* TO DO *
When you reach the line holding "Meandering Murray River in South Australia.", please begin to restate the lines word for word and continue through the last one in the material, excluding pictures.

*** Opening SUPPLIED DATA ***

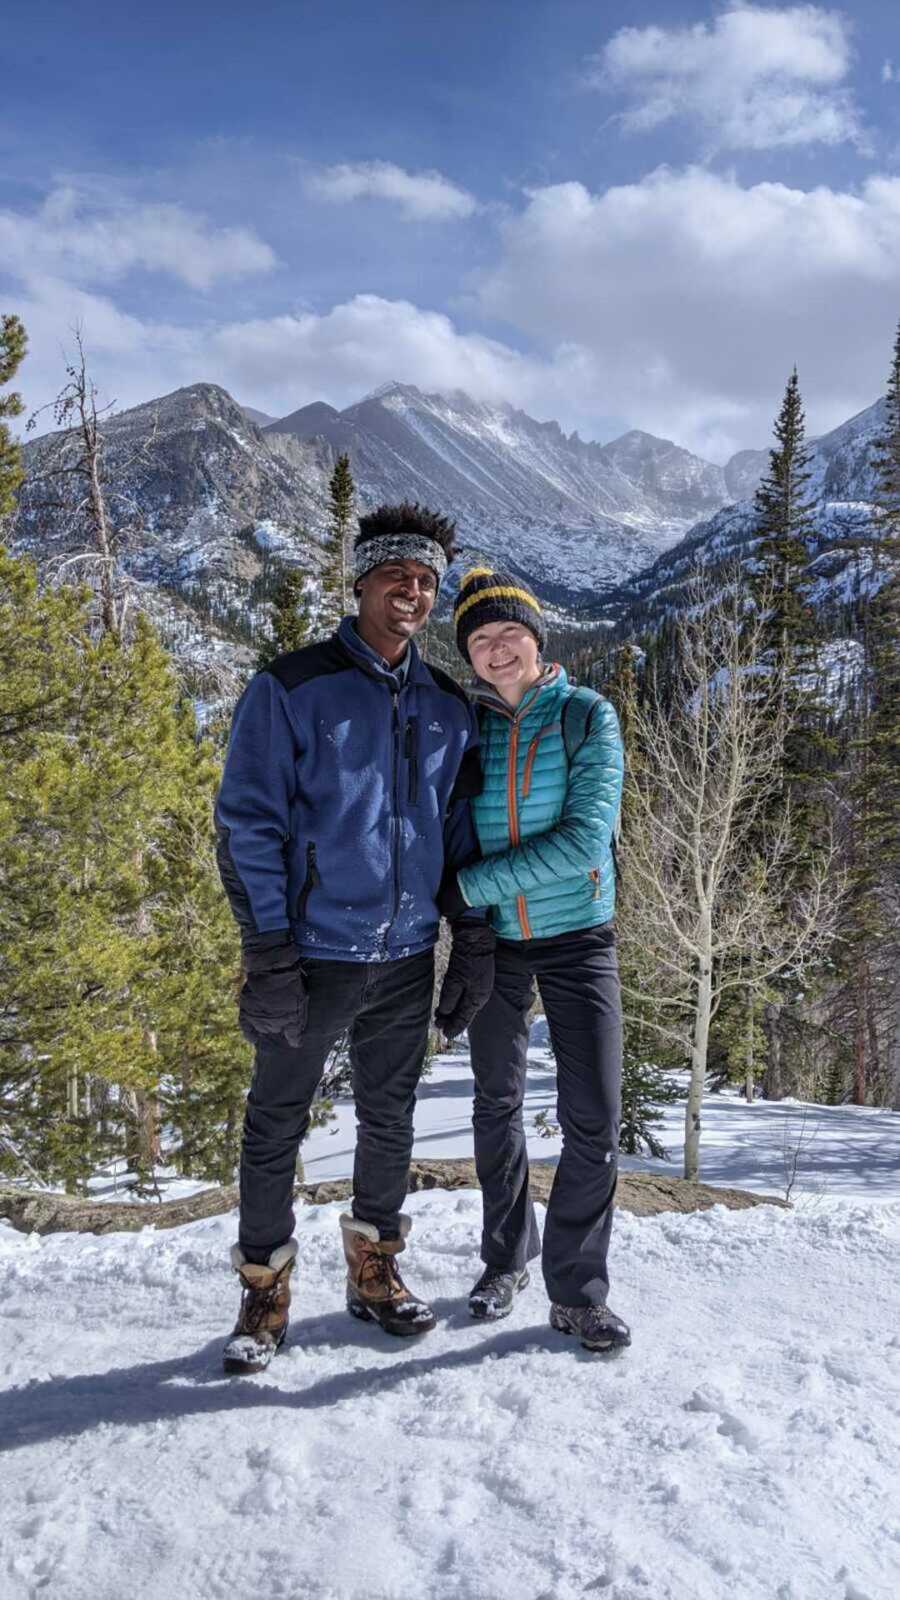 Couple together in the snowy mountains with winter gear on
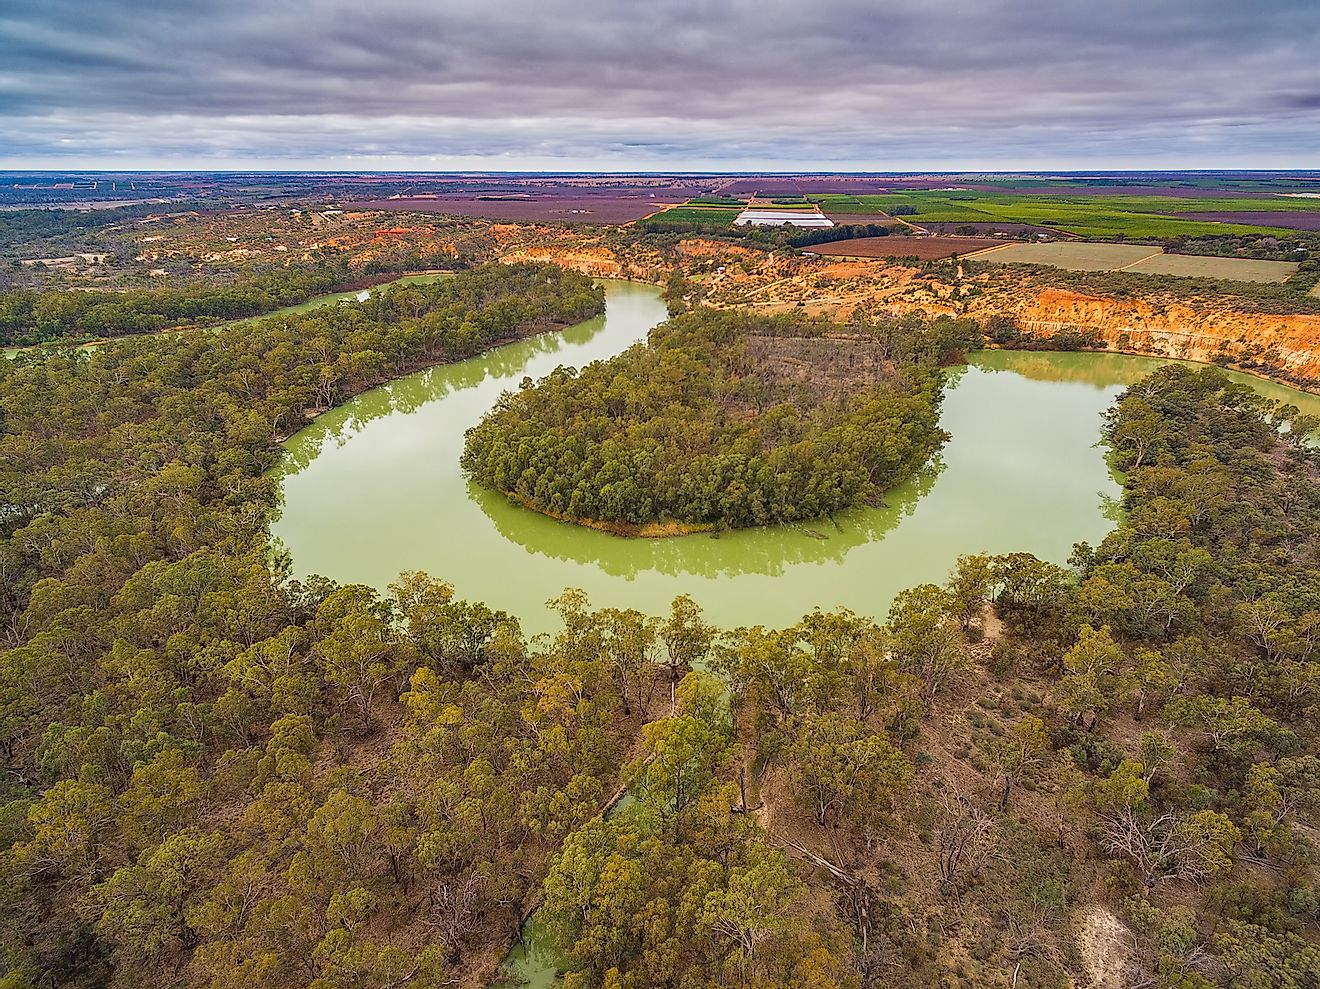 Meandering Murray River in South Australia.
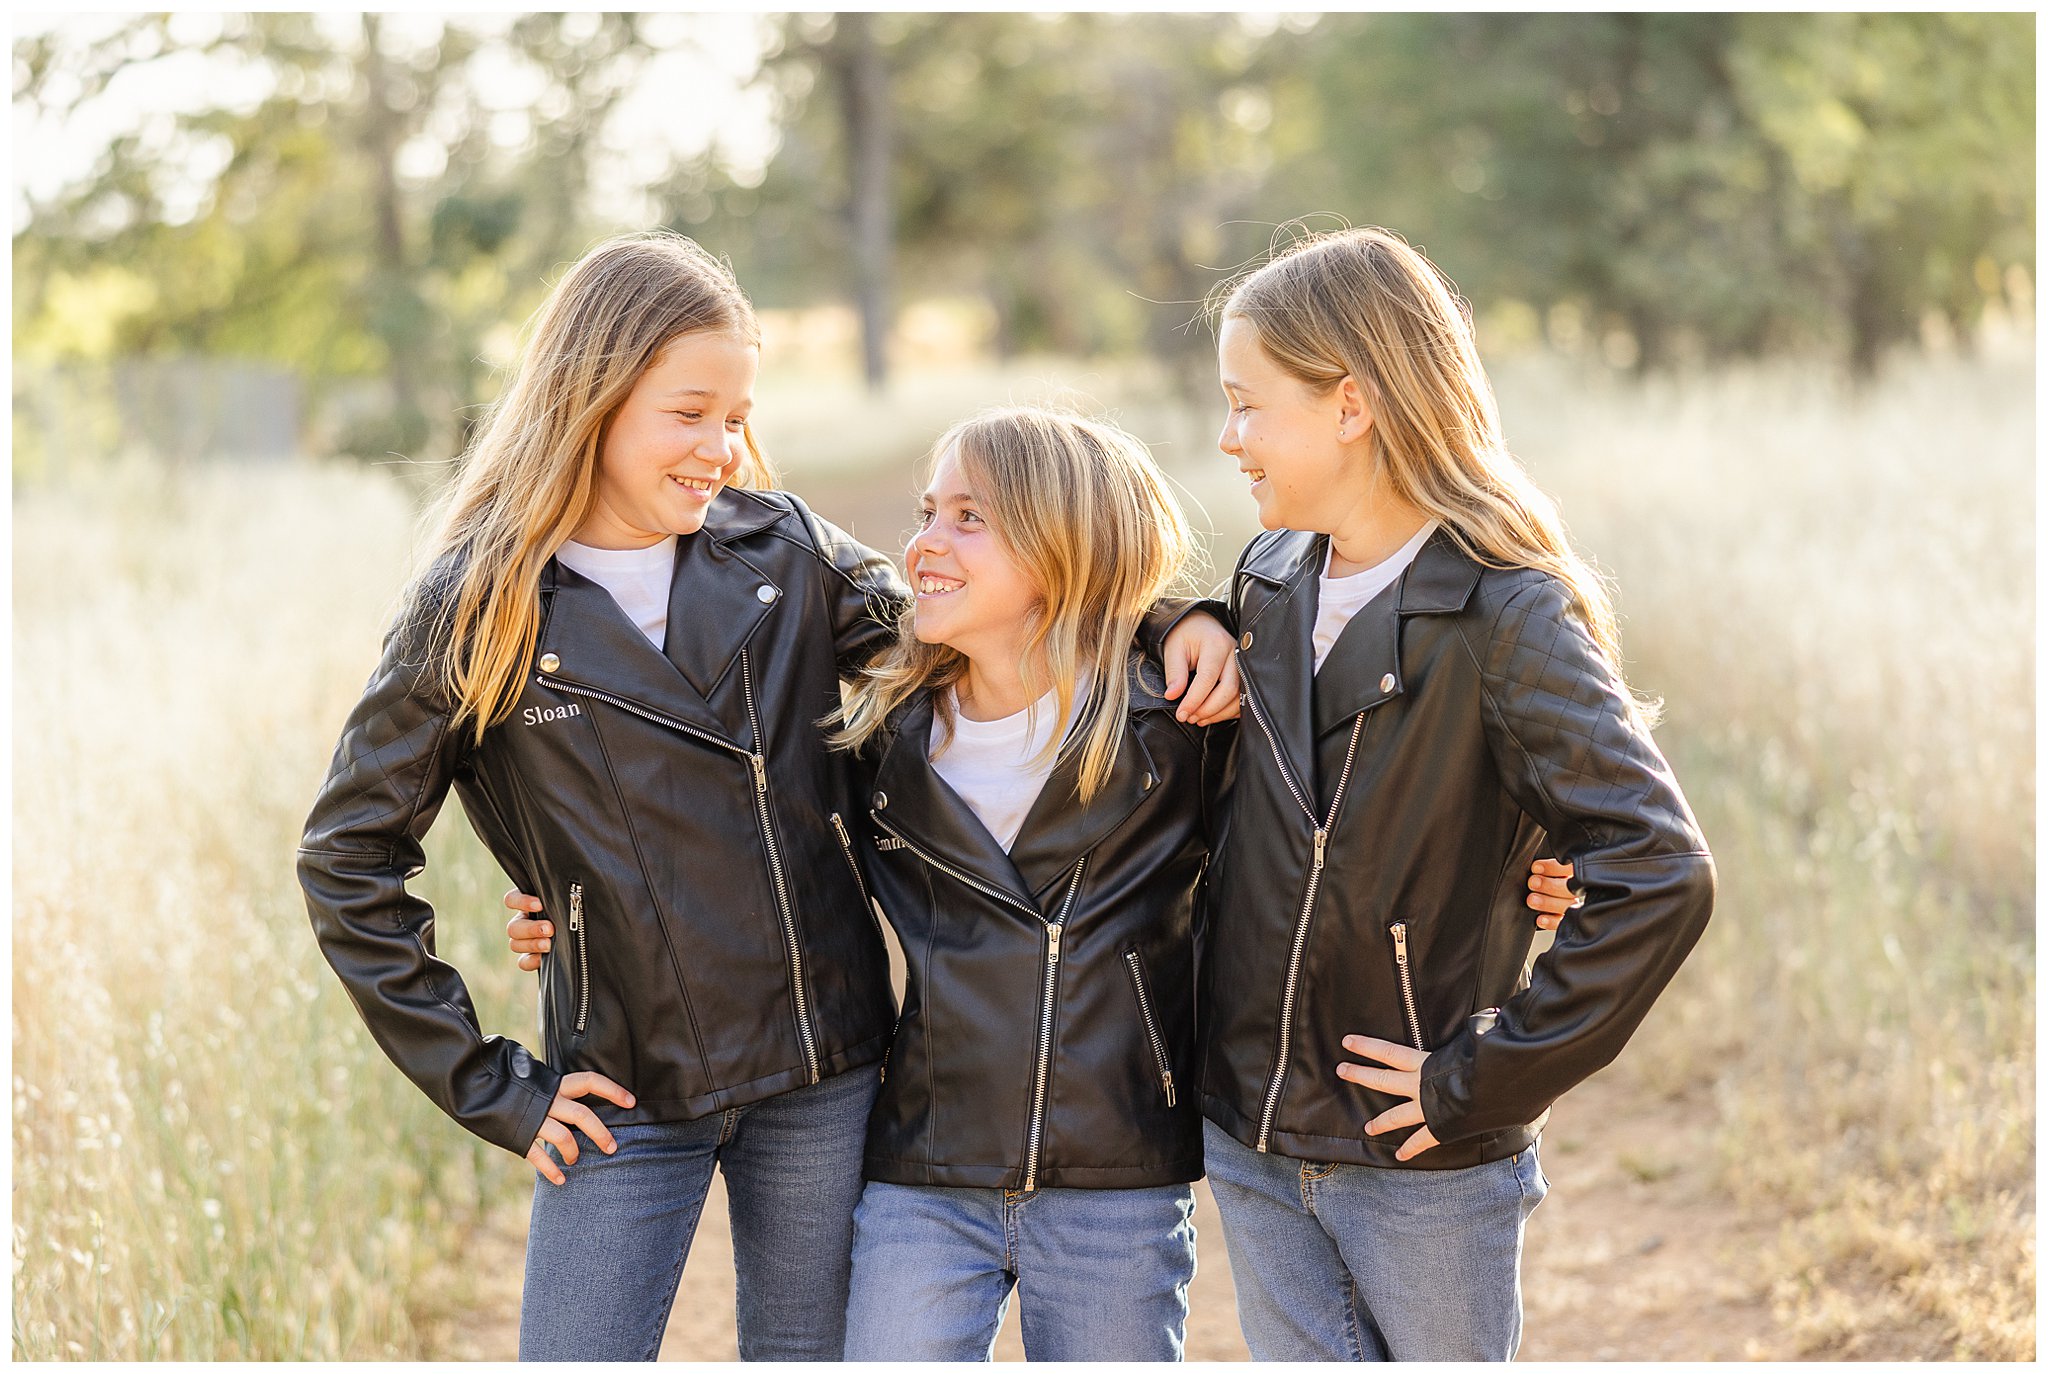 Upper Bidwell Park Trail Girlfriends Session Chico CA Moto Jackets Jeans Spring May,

*** Closing SUPPLIED DATA ***

* TASK SOLUTION *
 Meandering Murray River in South Australia.
 Upper Bidwell Park Trail Girlfriends Session Chico CA Moto Jackets Jeans Spring May,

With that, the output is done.